Multiply both the numerator and denominator by x which is equivalent to multiplying the equation by 1. You now have

[x^2 + x - 6]/[x^2 + 5x +6] =
(x + 3)(x - 2) / (x + 3)(x + 2) =
(x - 2) / (x + 2)

Answer 3

numerator:
[x + 1- (6/x)] = [ x^2/x + x/x - 6/x] = [x^2 + x - 6]/x

denominator:
[x + 5 + (6/x)] = [x^2 + 5x + 6]/x

numerator over denominator (remember to flip the x in the denominator)

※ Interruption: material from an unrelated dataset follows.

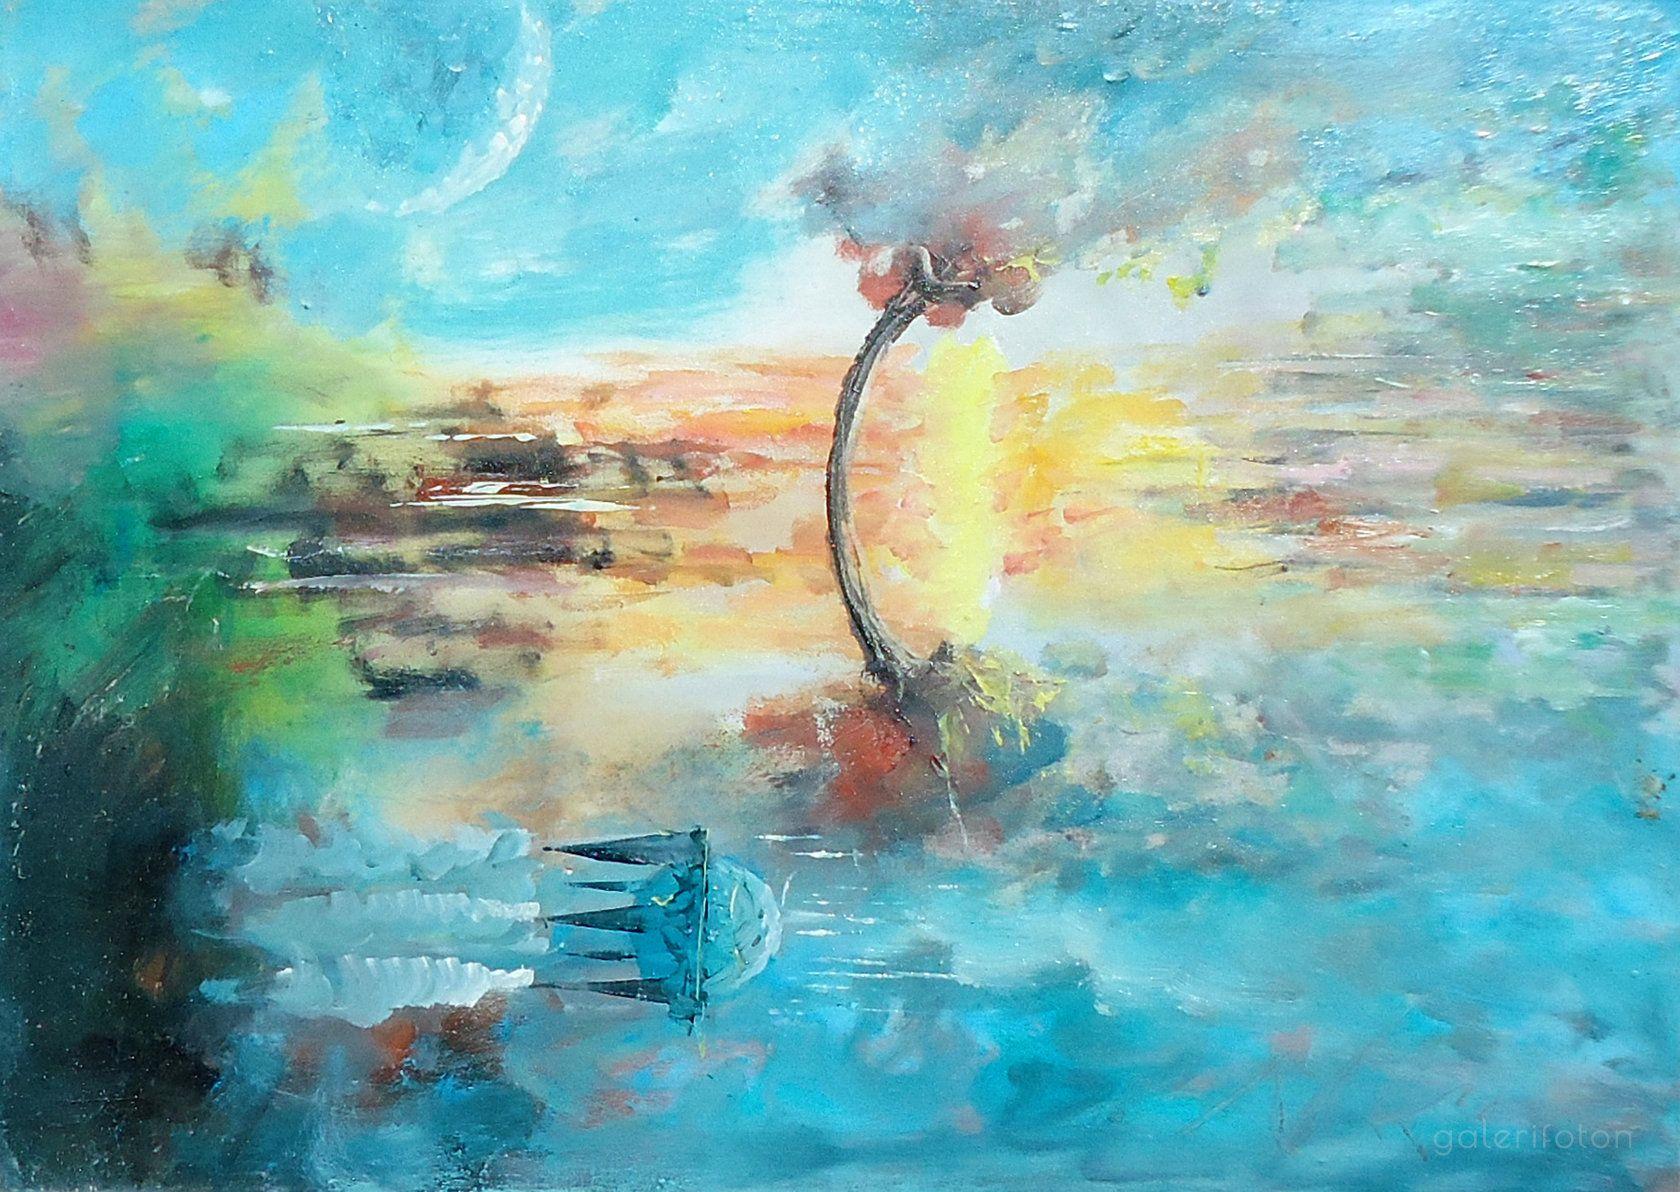 Bluescape Oil On Canvas 13x19

[x^2 + x - 6] x / x [x^2 + 5x + 6 ]

The x's cancel out, leaving

[x^2 + x - 6] / [x^2 + 5x + 6 ]

factor:
(x-2)(x+3) / (x+2)(x+3)

The (x+3) cancel out, leaving
(x-2)/(x+2)

Answer 4

First you need to get a common denominator on both sides (x), so multiply each term by x/x:

You get:
(x*(x/x) + 1*(x/x) -6/x)/(x*(x/x) +5*(x/x) +6/x)
You can rewrite it as:
[(x^2+x-6)/x]/[(x^2+5x+6)/x]
When you divide, x cancel and you get:
(x^2+x-6)/(x^2+5x+6)
[(x+3)(x-2)/(x+3)(x+2)] When you divide (x+3) cancel out and the answer is:
(x-2)/(x+2)

I hope this helps.

Answer 5

[x+1-(6/x)]/[x+5+(6/x)]

-----first, expand the equations.. thus we got:
={[x^2+x-6]/x}/{[x^2+5x+6]/x}

after expansion, cancel the denominators x
=[x^2+x-6]/[x^2+5x+6]

next get the factors of the denominator and the numerator so we got this
=[(x+3)(x-2)]/[(x+3)(x+2)]

since the numerator and the denominator have common (x+3), this would cancel
=(x-2)/(x+2)

may this one help you

Answer 6

i'm not sure but is it (back of the book)

(x-3)(x+2)/(x+3)(x+2)
x+2 cancel out
x-3/x+3